Tim Istock column: The poop on elephants
Published 12:00 am Thursday, August 5, 2021
Getting your Trinity Audio player ready...
|
By Tim Istock
So recently, I asked our adorable 3½-year-old neighbor what she enjoyed most about her previous days trip to the zoo. “Zebras and cheetahs,” she answered without hesitation, and then added, “and I saw an elephant poop!”
“Did you now?” I replied with a smile, suddenly whisked back to my own childhood.
I was 8 years old, and a traveling circus was in town for a Saturday evening show, which was a major big deal for our tiny remote island located off the Delmarva peninsula. On the afternoon of the big event, my brothers and I were to meet some other fellas for a pick-up baseball game, but when we got to the ball field, we discovered much to our surprise that the circus had chosen to set up camp smack dab in the middle of centerfield, where they were busily engaged in tending to the needs of the many circus animals.
Needless to say, any and all plans for our World Series showdown were quickly scrapped as we made a bee-line for our own personal version of Mutual of Omaha’s Wild Kingdom. In the time it took a band of wide-eyed, energized kids to scamper across that field, there we were, standing face to trunk with two of the largest creatures any of us had ever seen, and for the first few minutes, we all simply stood and stared — most of us in awe, but some genuinely fearful that any sudden noise or movement might somehow incite the elephants to stampede like they did in the Tarzan movies. However, once it became evident that the big guys in gray were more interested in eating hay and swatting flies with their scrawny little tails than in making pancakes out of a bunch of puny, insignificant little pip-squeaks, we all lightened up and began to bask in the magic of the moment.

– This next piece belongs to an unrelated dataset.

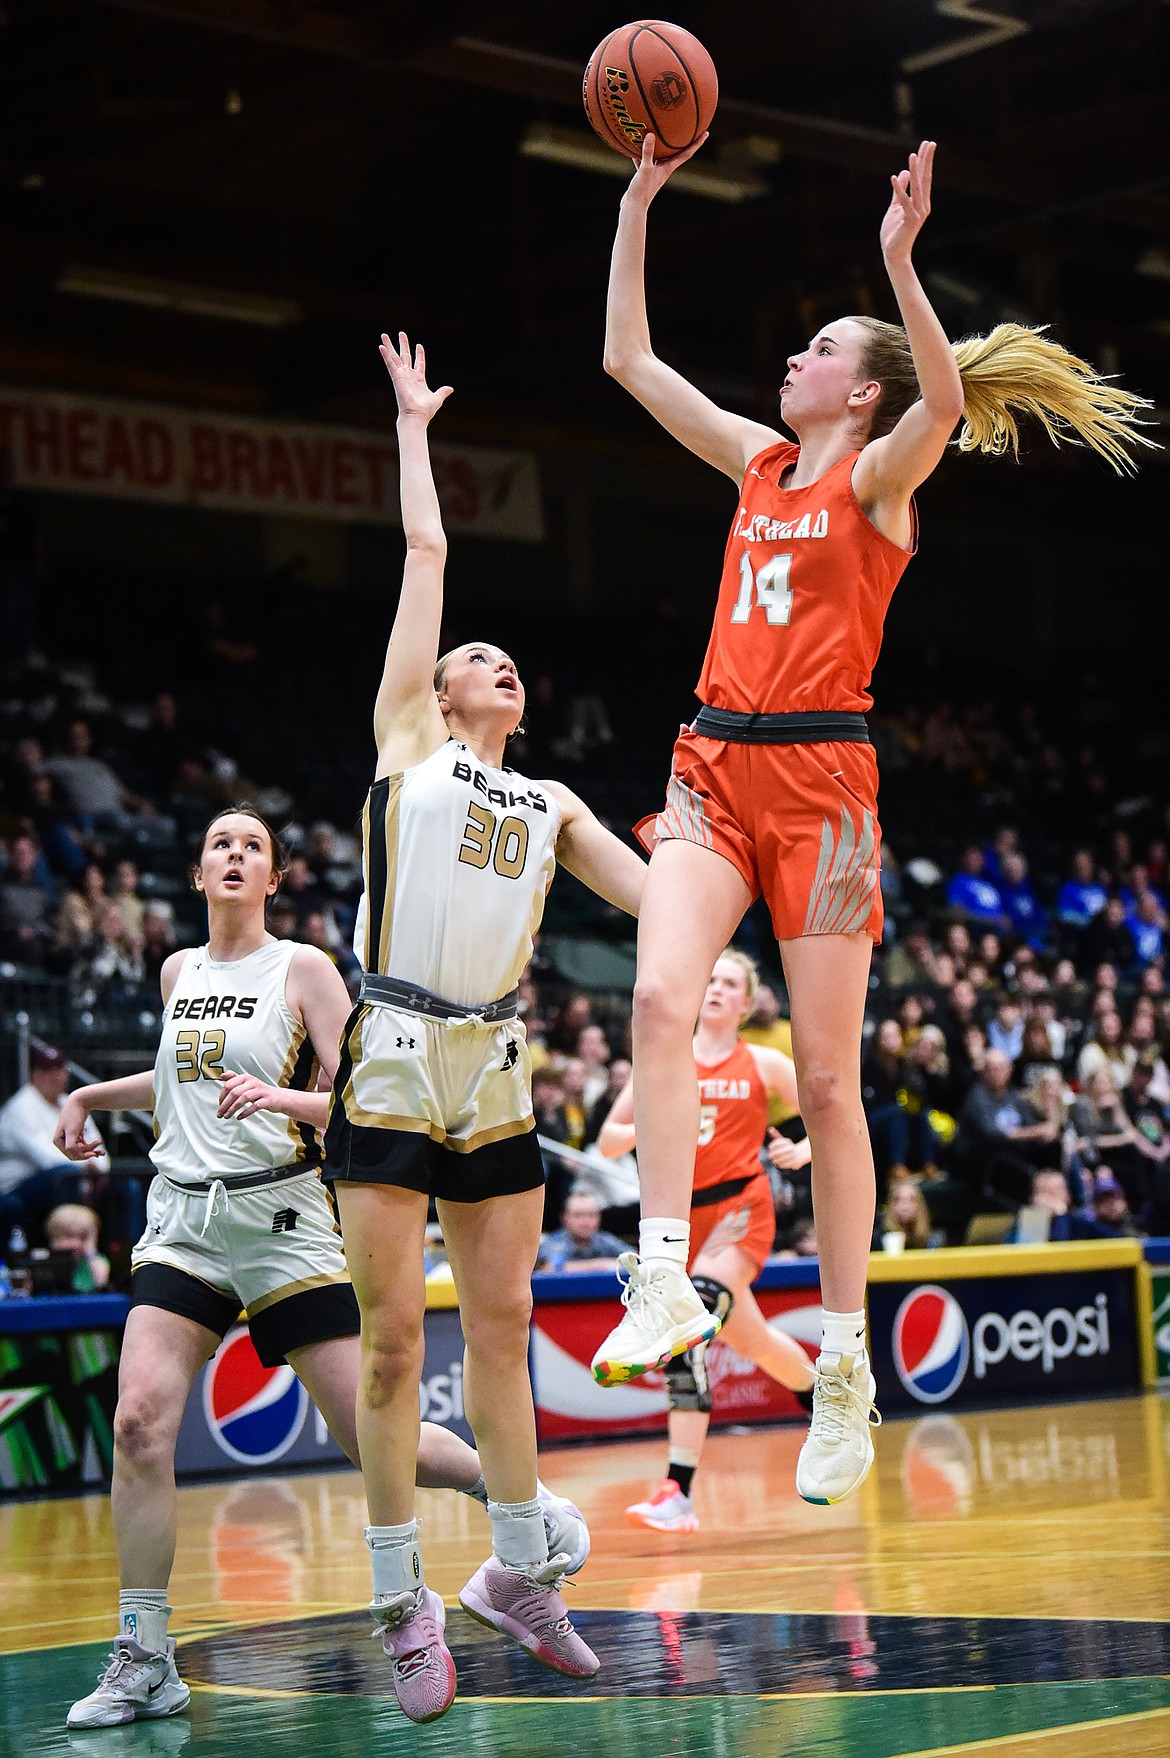 Flathead's Kennedy Moore (14) drives into the lane against Billings West's Ellie Stock (30) in the second half of the girls' Class AA state basketball championship at the Butte Civic Center on Saturday, March 11. (Casey Kreider/Daily Inter Lake)

Following a few rounds of dopey elephant jokes and Tarzan calls, we were finally ready to jump ship and head to the general store for a NeHi, when my little brother suddenly shouted, “Look! There’s smoke coming out of that elephant!” Well sure enough, when we glanced back to see what all the commotion was about, there appeared to be a cloud of smoke emanating from the rear end of one of the elephants. Now it was only after my feeble brain was able to deduce that this elephant couldn’t actually be on fire that I realized that what was filling the airspace around this massive beast’s back bumpers was in fact a very, very large pooter, as my mom would politely call them. That’s right, folks, we were witnessing the natural workings of one of the animal kingdoms largest gastrointestinal systems up close and personal, and it was a sight to behold indeed. The volume and sheer speed of the exiting gas was sufficient to blow a fair amount of dust off the elephant’s wrinkled buns, giving the ‘broken wind’ the appearance of a cloud of smoke. “Cooool!” we all said in unison, but the show was only beginning, for the big guy’s epic gas passing display was little more than a prelude to bigger and ‘better’ things.

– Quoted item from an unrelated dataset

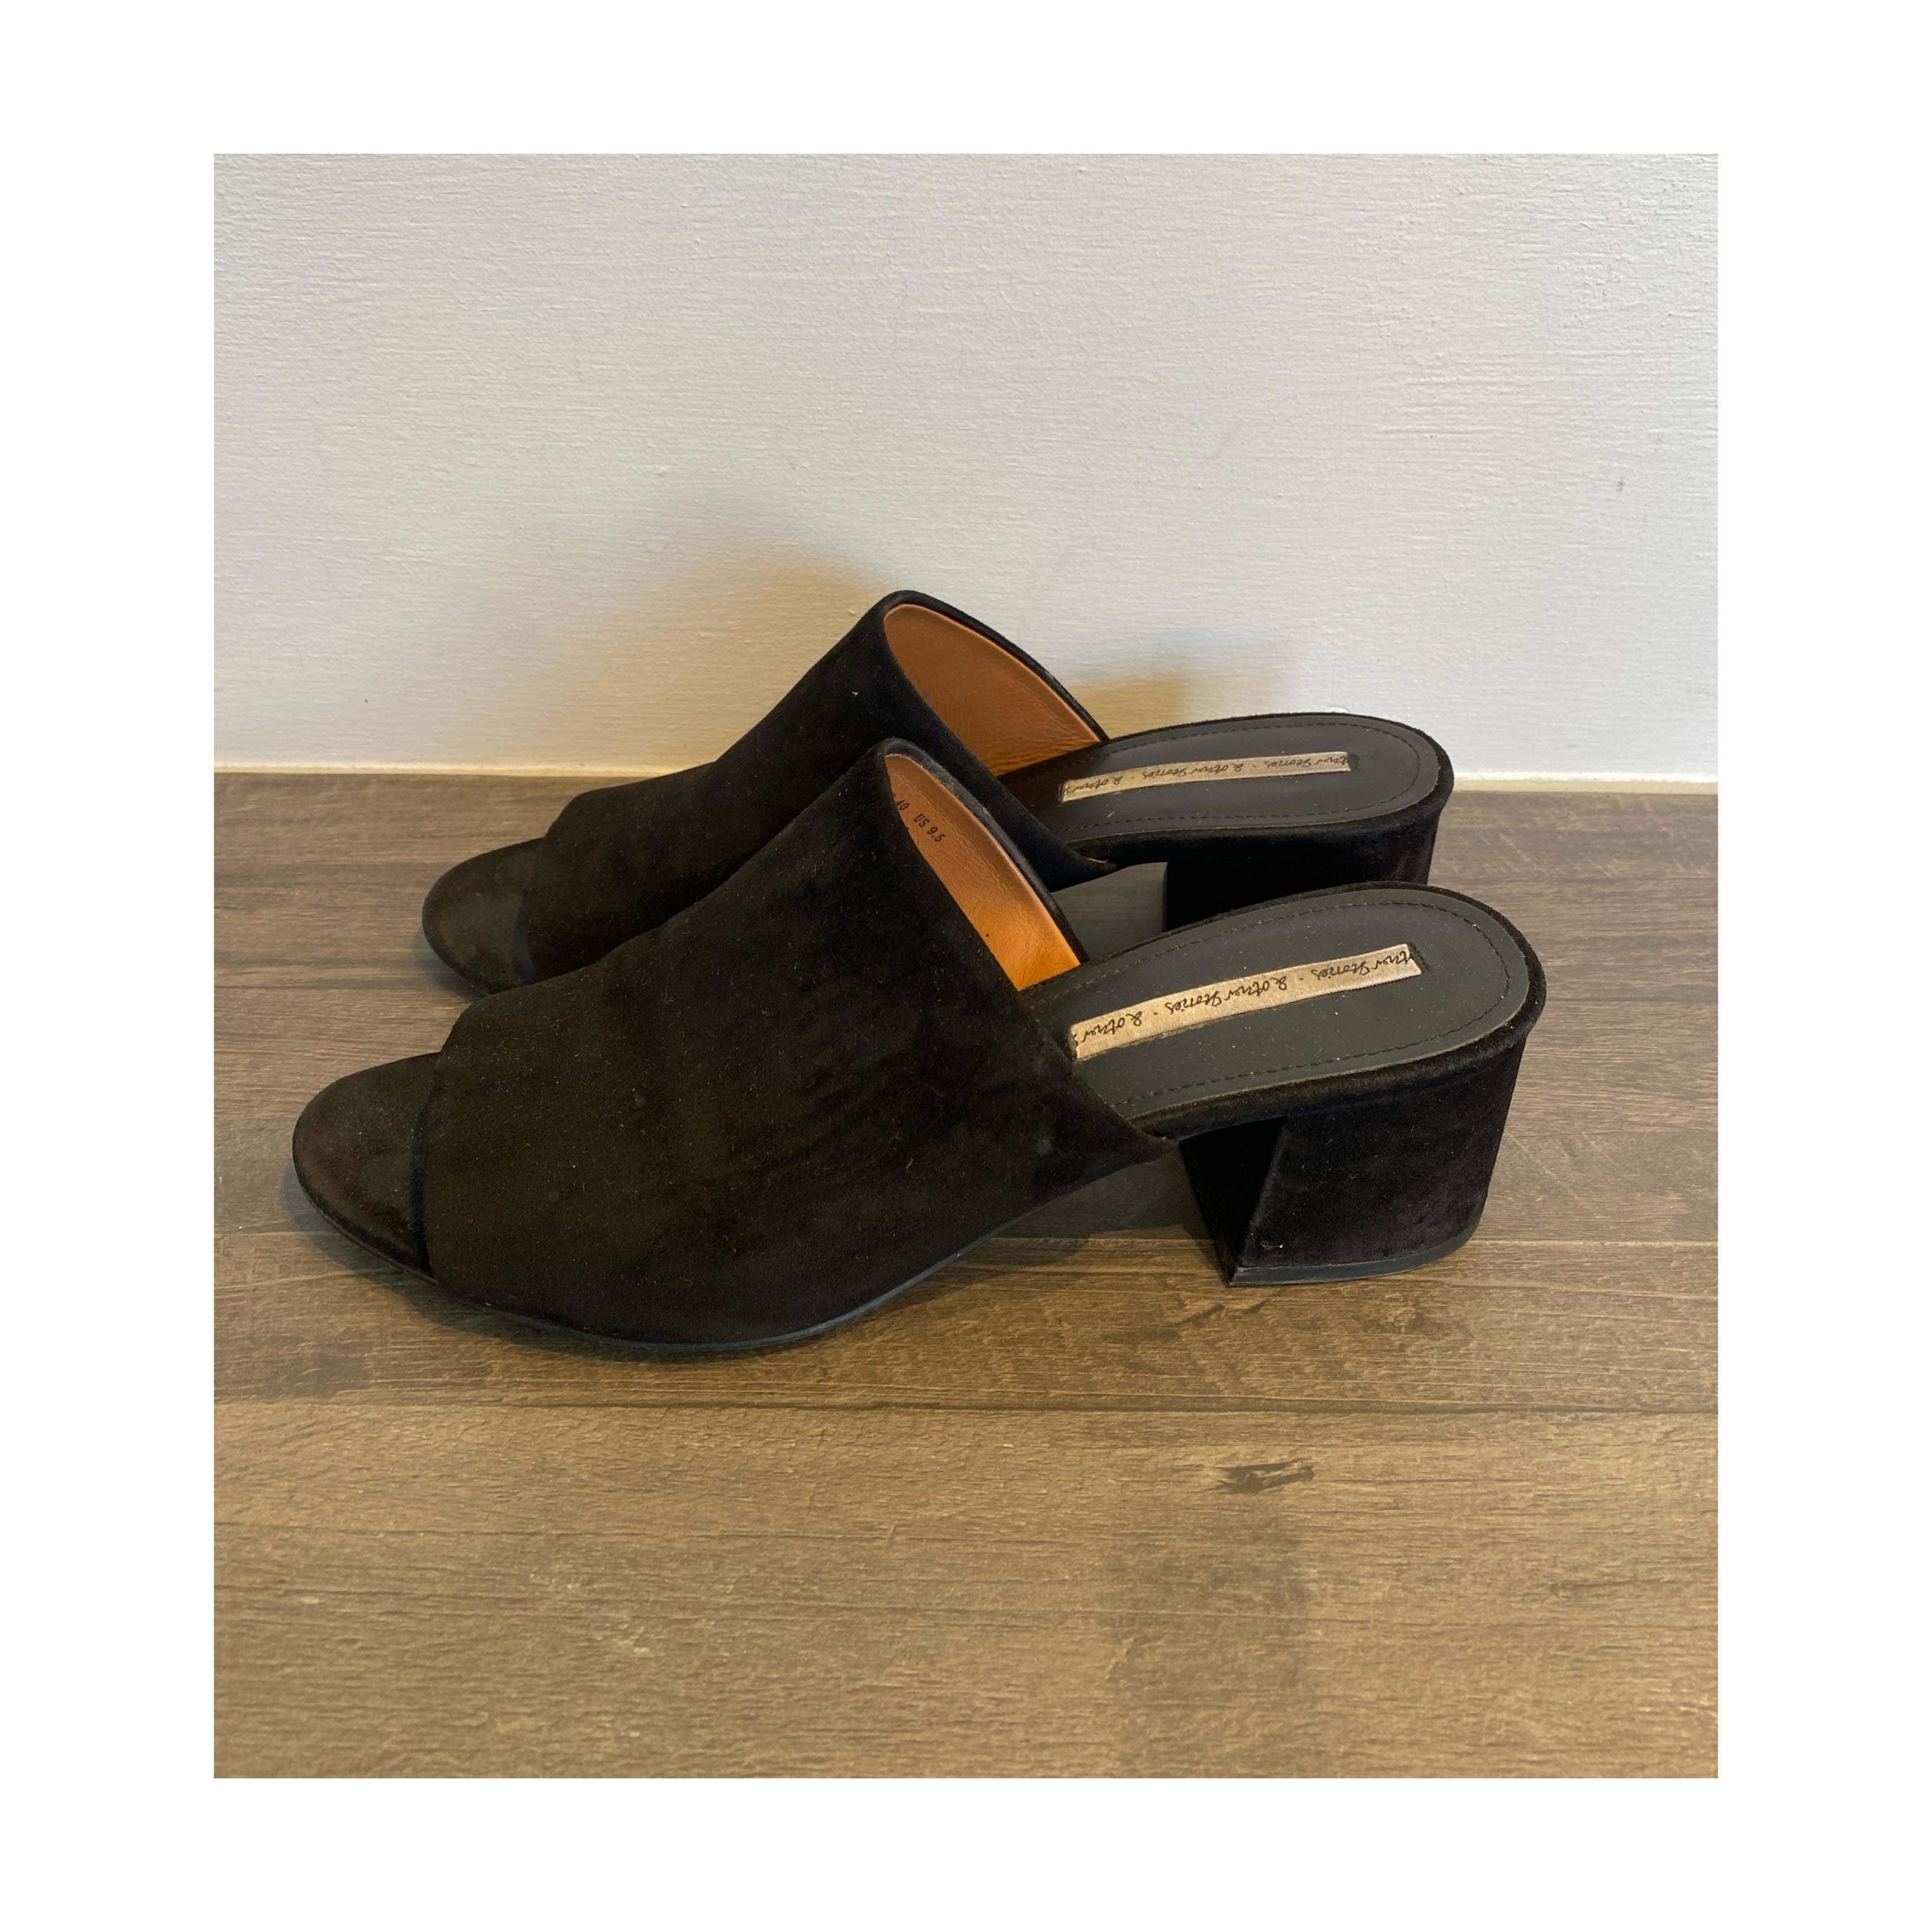 & Other Stories - Mules - Size: 40

Before we could say, “Holy elephant excrement Batman! Dumbo nonchalantly took to dropping a steady procession of cannonball-sized bowel biscuits that made cow pies look like M&Ms in comparison. So amazed were we by this larger-than-life spectacle that we just stood frozen, mouths agape and eyes bugged out, trying to comprehend the magnitude of the giant fecal Milk Duds as they plop, plop, plopped to the hard-packed ground.
Then, just when we thought we had seen it all, the elephant, who by now must have sensed that he had fully captured this highly impressionable young audience in the palm of his hoof, decided to bring the house down with what must have been a 10-minute long, high-velocity, high-volume whiz. On and on it flowed like someone had left on a garden hose until, finally, after converting most of the immediate vicinity into a large yellow lake, the relieved pachyderm gave us one final glance, as if to say, “Let’s see you top that, you little wimps!” and sauntered off in search of more food, more privacy, and most importantly, a dry place to park his prodigious feet.
Now, to most folks, this entire scene would undoubtedly have been looked upon with an air of casual indifference, if not pure disgust, but to a handful of naïve little kids, it was something every bit as wonderful and mesmerizing as anything we had ever seen in our short lives. And while I may never go on to experience first hand a volcanic eruption or the Aurora Borealis, on a hot summer day in 1962, on a patchy, weed-infested baseball field in Chincoteague, Virginia, I saw an elephant pass gas, poop and pee with my own eyes.
And hey, how many folks will ever be able to lay claim to having witnessed that kind of natural phenomenon?
I know of at least one, and she lives across the street.